■ SOURCE DATA
****
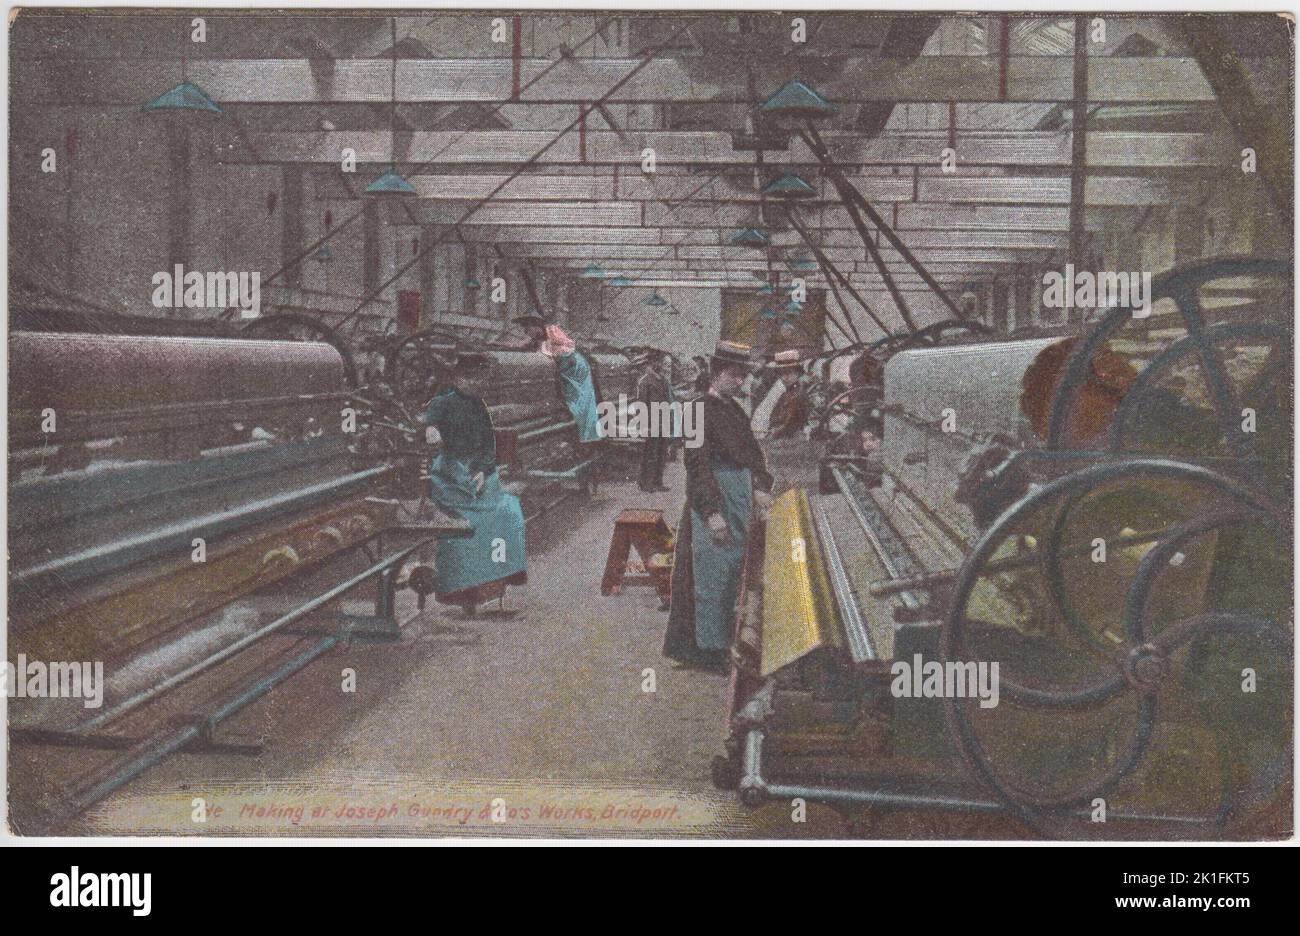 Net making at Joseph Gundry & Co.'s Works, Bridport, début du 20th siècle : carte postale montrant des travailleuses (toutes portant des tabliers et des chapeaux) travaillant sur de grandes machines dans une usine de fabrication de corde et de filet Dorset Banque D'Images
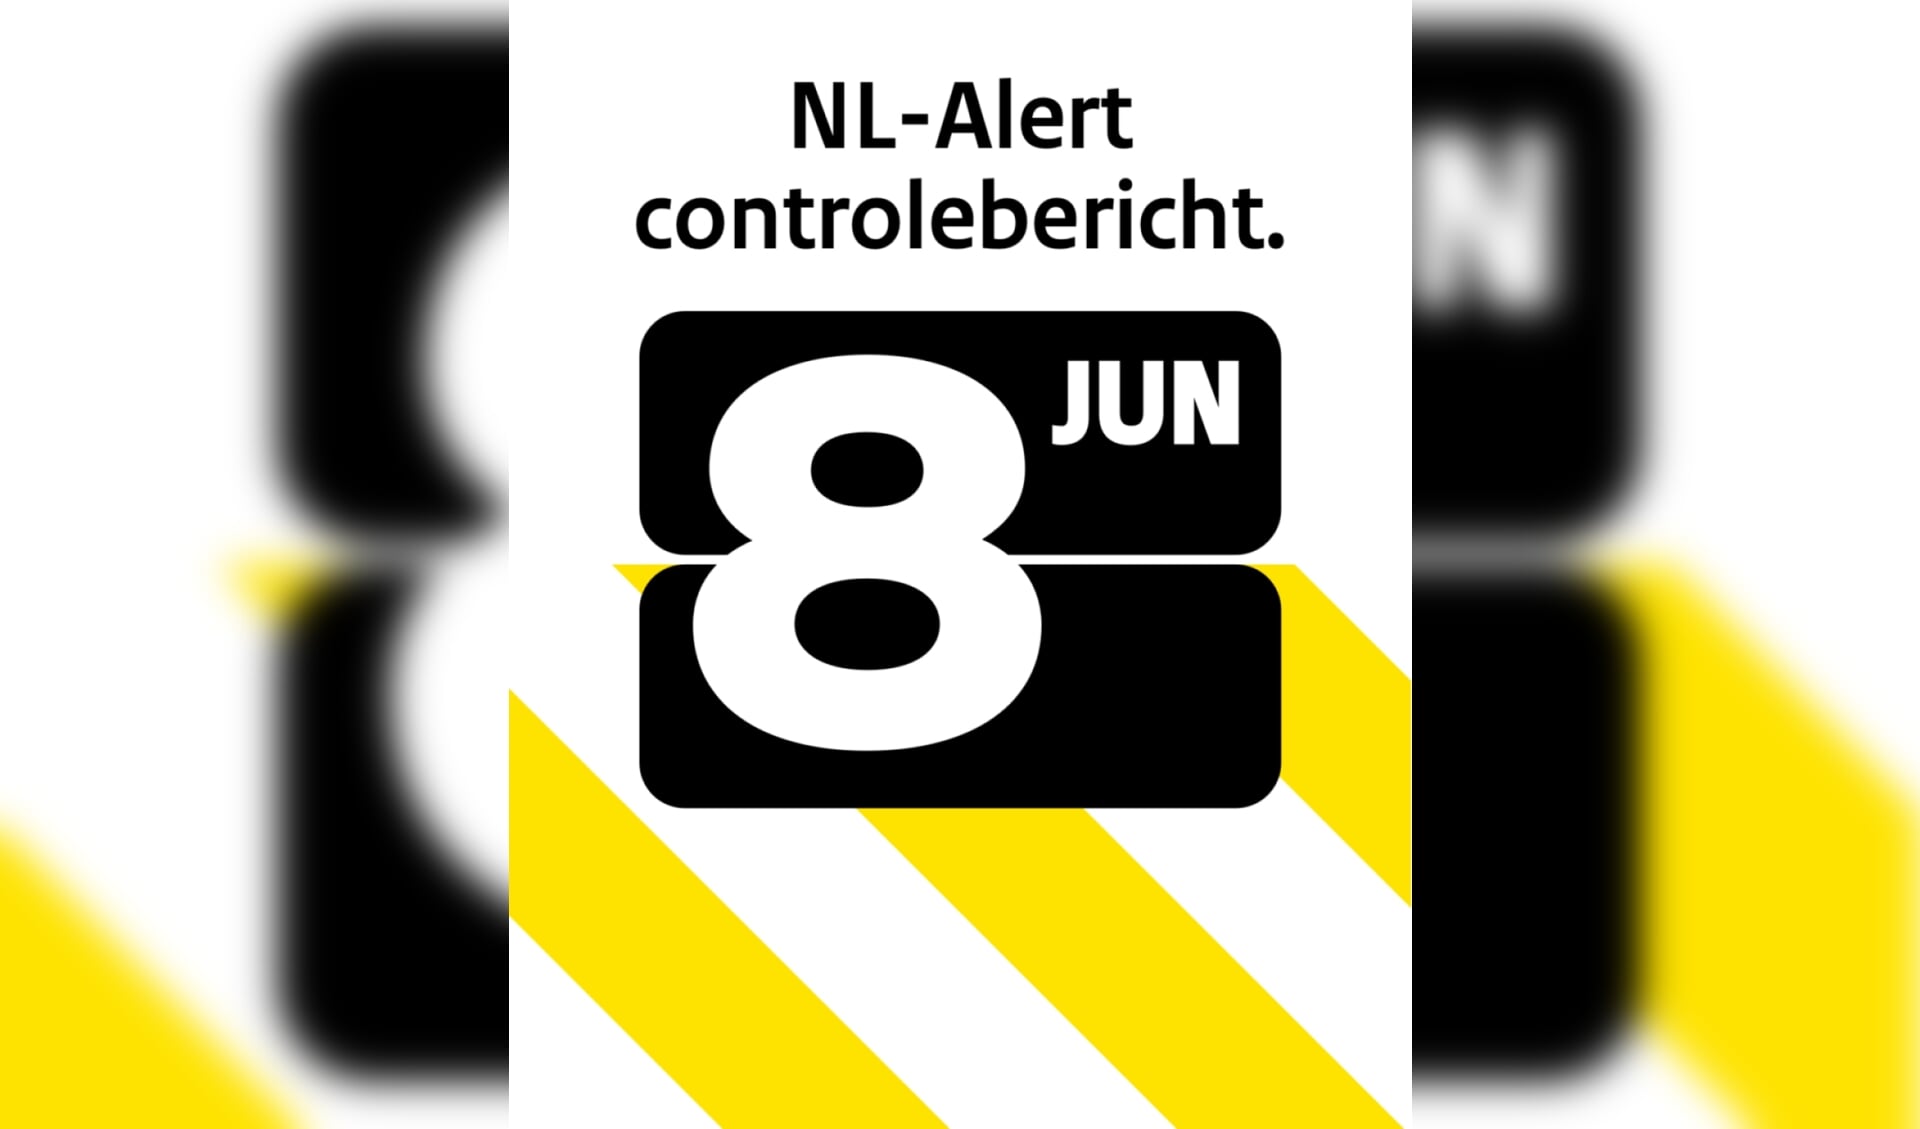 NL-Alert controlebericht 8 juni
****
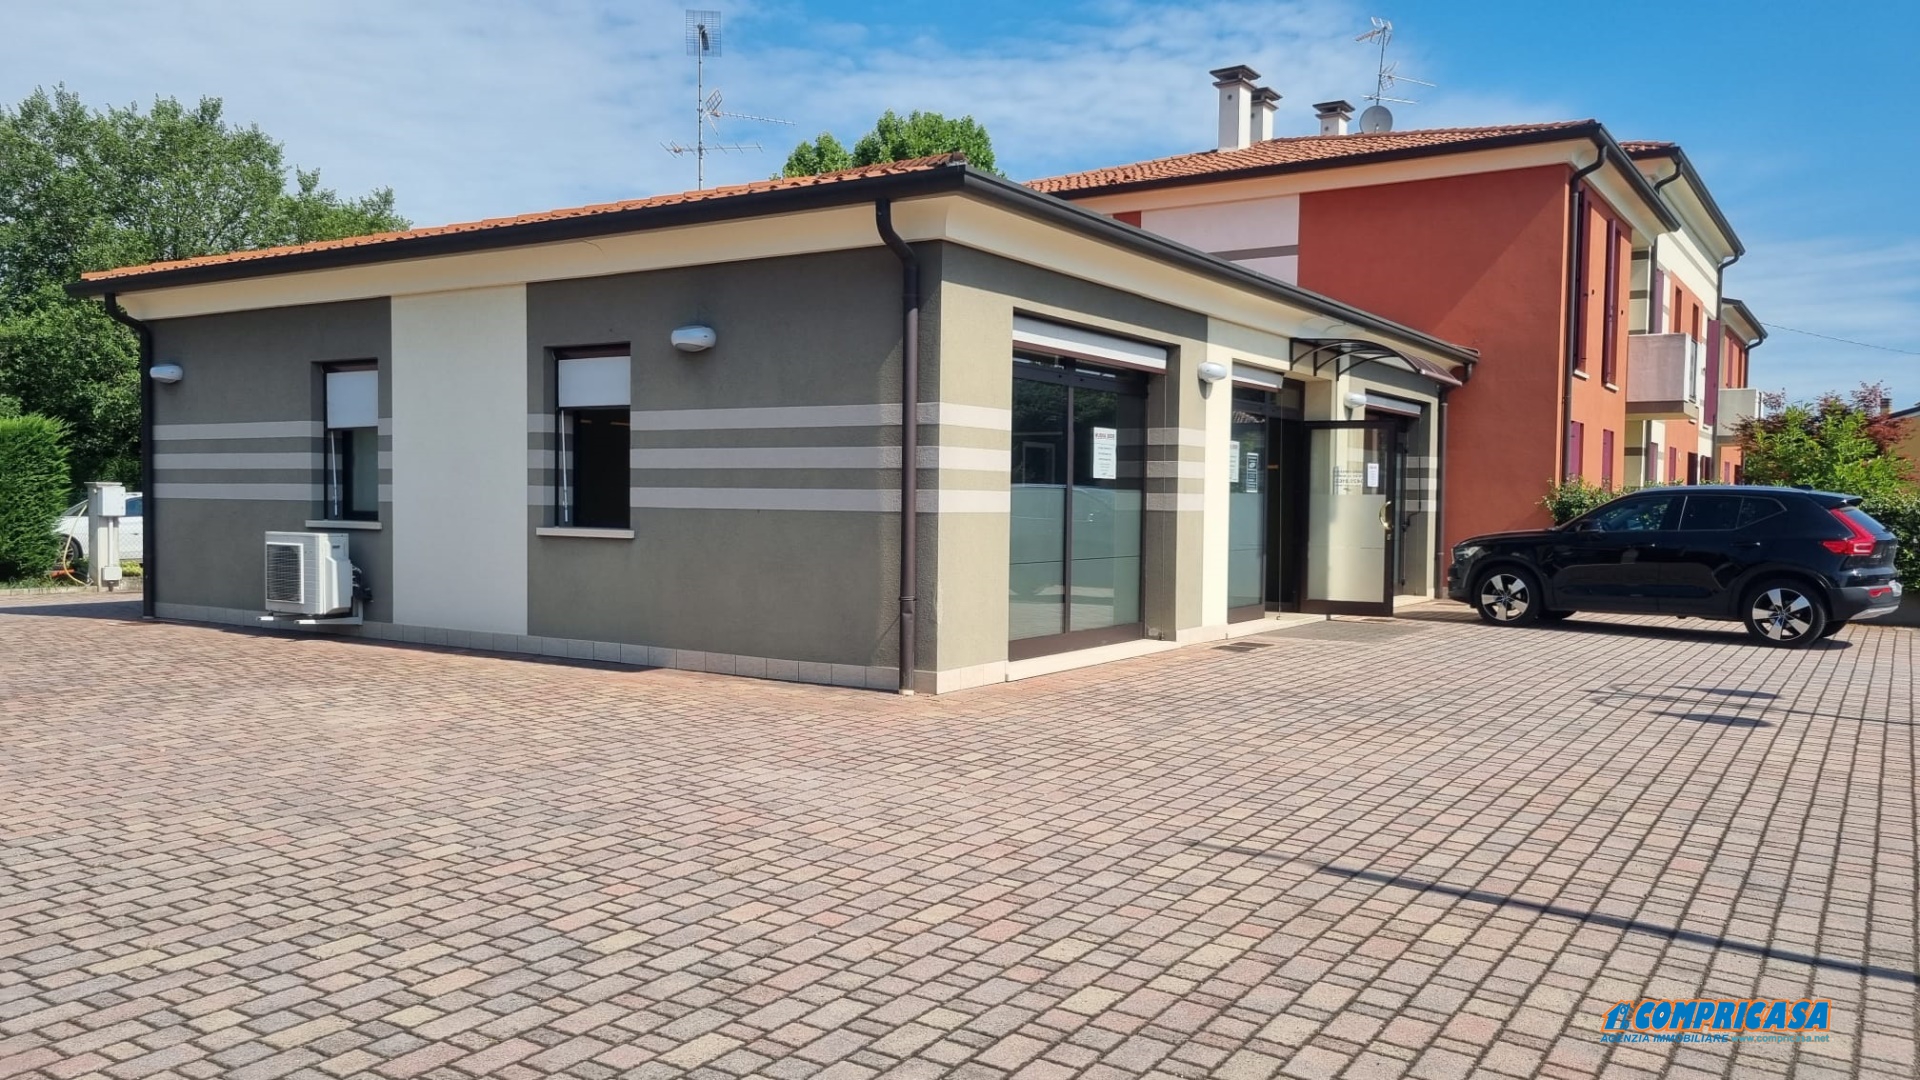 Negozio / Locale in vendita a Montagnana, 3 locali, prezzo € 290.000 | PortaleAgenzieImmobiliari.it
****
■ ASSIGNED TASK
What lines above run from the one with "Net making at" to the one with "NL-Alert controlebericht 8 juni"? Give them again exactly, ends included, and leave the pictures out.

■ ANSWER SECTION
 Net making at Joseph Gundry & Co.'s Works, Bridport, début du 20th siècle : carte postale montrant des travailleuses (toutes portant des tabliers et des chapeaux) travaillant sur de grandes machines dans une usine de fabrication de corde et de filet Dorset Banque D'Images
 NL-Alert controlebericht 8 juni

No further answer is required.